Bulgarian diplomat Mladenov served as the United Nations envoy for the Middle East peace process from early 2015 until the end of 2020.
Media reports say he is expected to serve as the representative on the ground in Gaza for the Board of Peace — a transitional body for the war-battered Palestinian territory which US President Donald Trump would theoretically chair.
In a statement on X, Sheikh said that during his meeting with Mladenov, “an in-depth discussion took place on all political and field developments in the Palestinian territories.”
He added there was “a focus on the situation in the Gaza Strip, means of transitioning to the second phase (of the ceasefire), mechanisms for implementing the US President Donald Trump’s plan, and UN Security Council Resolution 2803.”

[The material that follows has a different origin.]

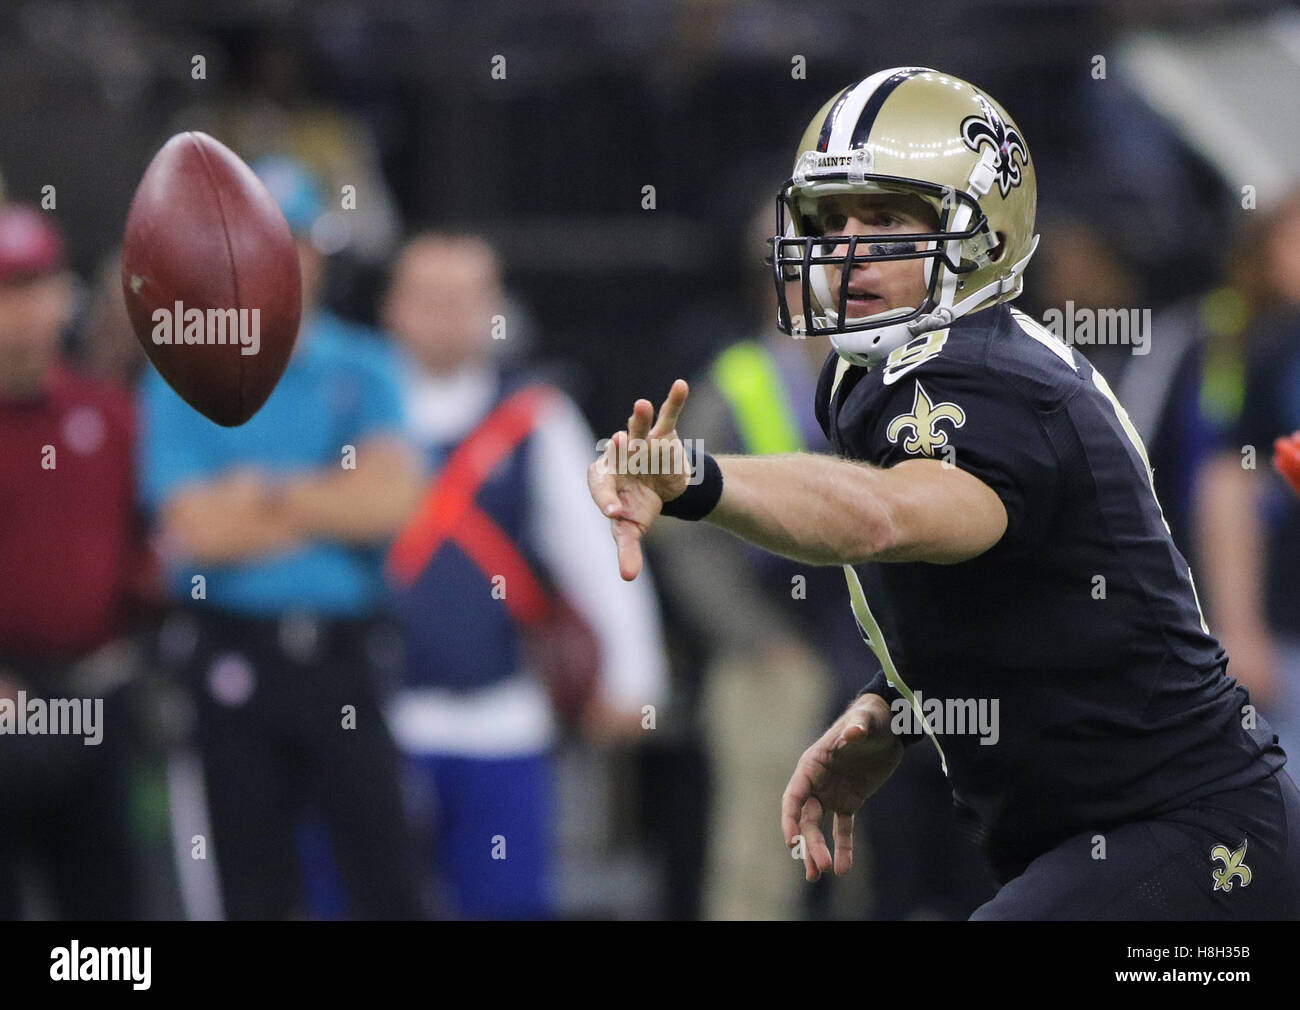 New Orleans, LOUISIANA, USA. 13th Nov, 2016. New Orleans Saints quarterback Drew Brees passes the ball against the Denver Broncos in a game at the Mercedes-Benz Superdome in New Orleans, Louisiana on November 13, 2016 © Dan Anderson/ZUMA Wire/Alamy Live News Stock Photo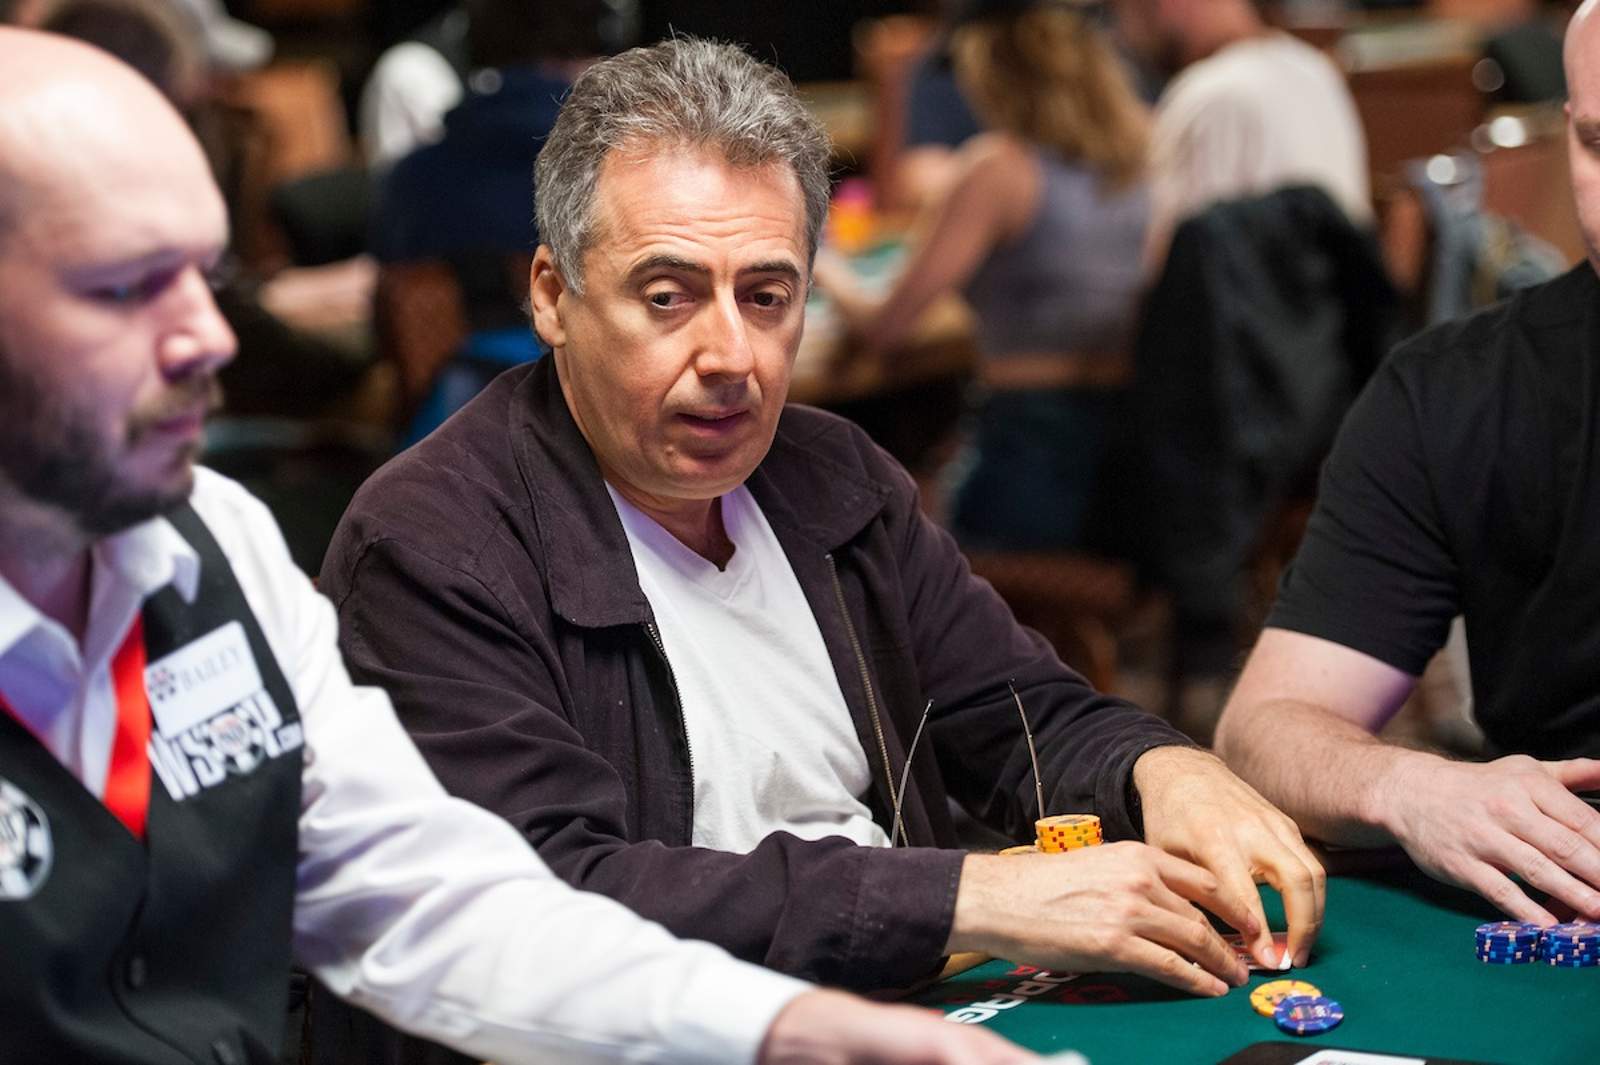 Ralph Perry Leads Milly Maker, 14 Players Return for Final Day

That UN Security Council resolution endorsed the Trump plan in November.
Under Trump’s 20-point plan, Gaza will be governed by a temporary transitional technocratic, apolitical Palestinian committee, under the oversight and supervision of the Board of Peace.
Under the second stage of the fragile ceasefire that came into effect in October, Israel is supposed to gradually withdraw from its positions in Gaza, while Hamas is supposed to lay down its weapons.
An international stabilization force is also to be deployed.
But talks to bring about the second phase stalled after Israel accused Hamas of delaying the return of the last hostage in its custody.
Netanyahu met with Mladenov in Jerusalem on Thursday and “reiterated that Hamas must be disarmed and the Gaza Strip must be demilitarised,” the prime minister’s office said in a statement.
It said that Mladenov “is set to become the Director of the Gaza Strip Board of Peace.”
Herzog also met with Mladenov on Thursday, a spokesman from his office said, without providing details.
US media outlet Axios has reported that Trump is expected to announce the Board of Peace next week and that it would include around 15 world leaders.
“Among the countries expected to join the board are the UK, Germany, France, Italy, Saudi Arabia, Qatar, Egypt and Turkiye,” Axios reported.
Some White House officials fear both Israel and Hamas are slow-walking the second stage of the ceasefire, with each side alleging frequent ceasefire violations.